### DATASET RECORDS
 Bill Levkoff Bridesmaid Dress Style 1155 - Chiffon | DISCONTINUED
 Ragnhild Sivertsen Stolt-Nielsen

...

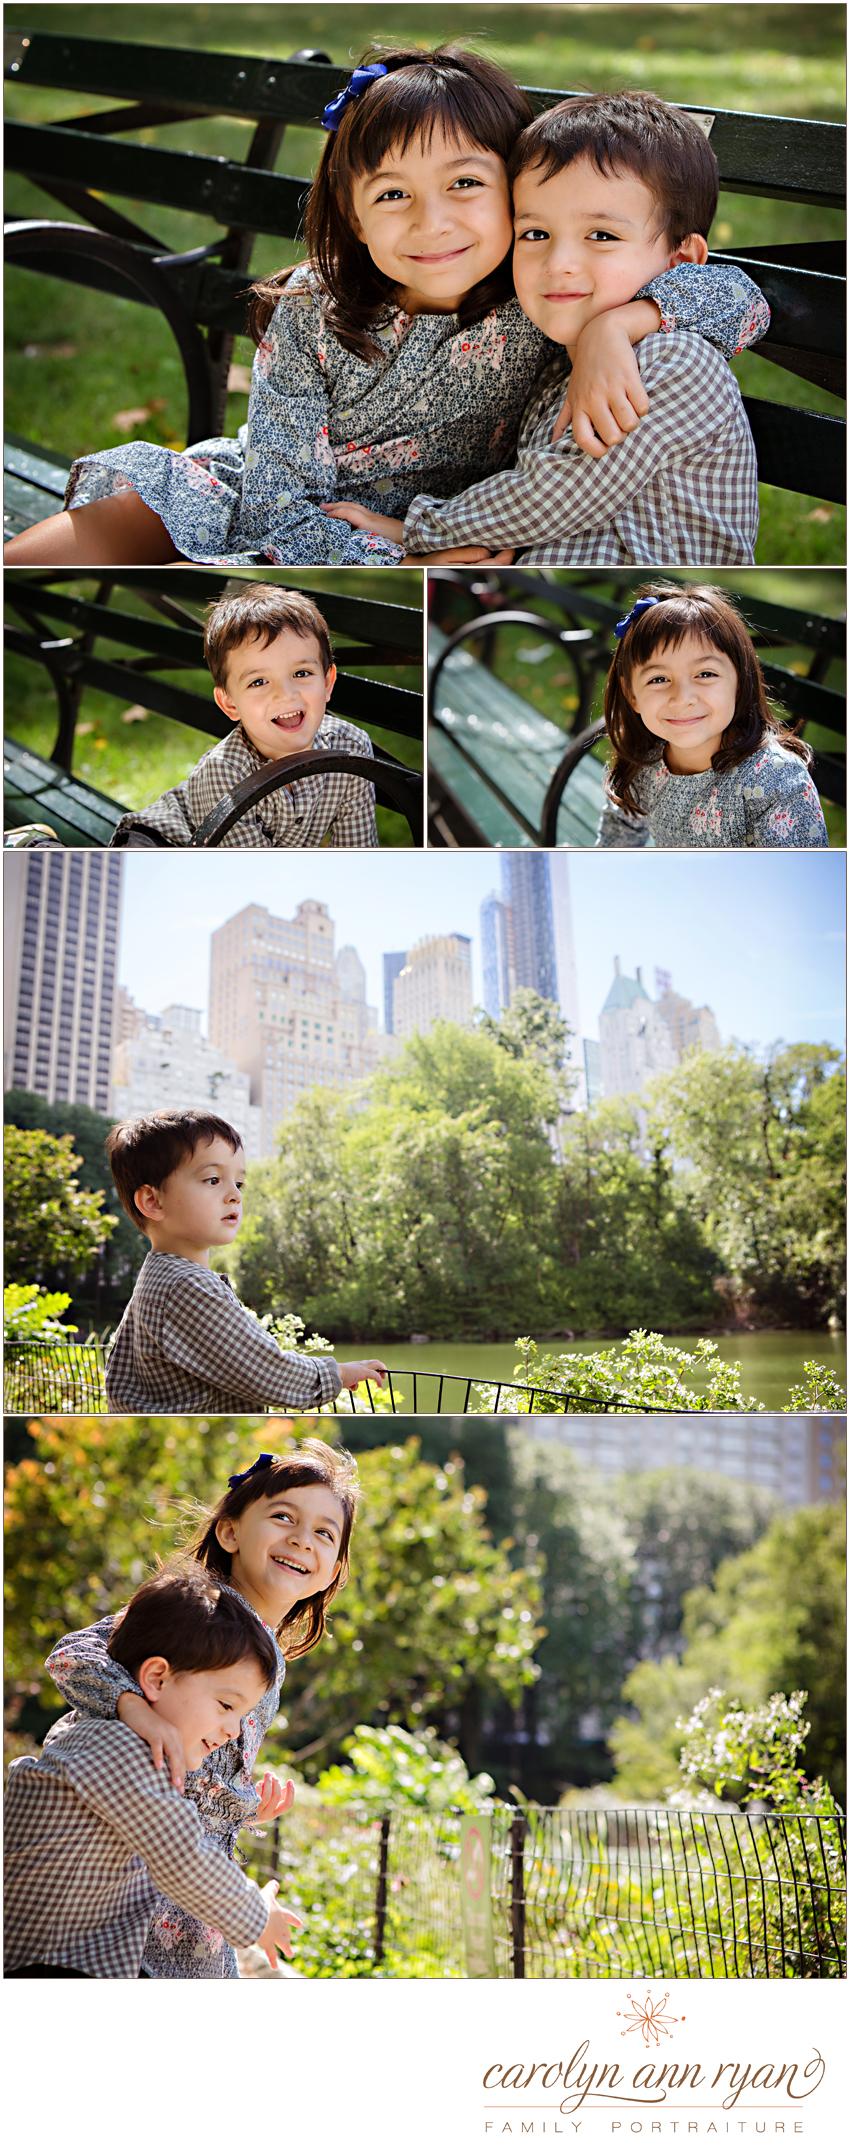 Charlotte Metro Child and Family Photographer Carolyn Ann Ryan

* * *

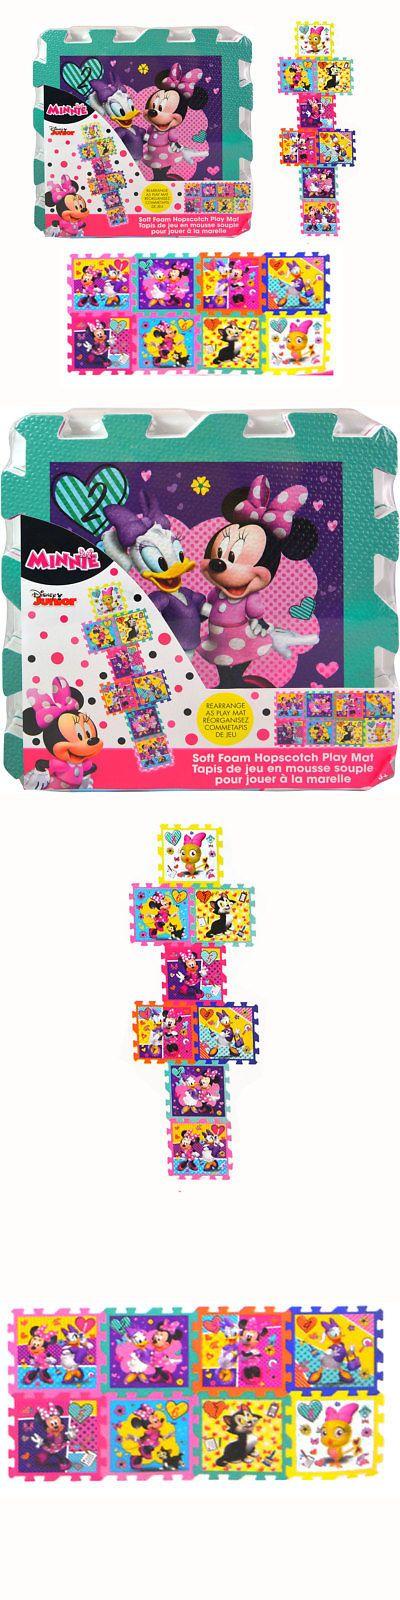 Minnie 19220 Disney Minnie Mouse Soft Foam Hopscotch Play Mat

### AIM OF THE EXERCISE
Set down again, word for word, the stretch of records from the line with "Bill Levkoff Bridesmaid" to the line with "Ragnhild Sivertsen Stolt-Nielsen", both of those lines included.

### OUTPUT FOR THIS EXERCISE
 Bill Levkoff Bridesmaid Dress Style 1155 - Chiffon | DISCONTINUED
 Ragnhild Sivertsen Stolt-Nielsen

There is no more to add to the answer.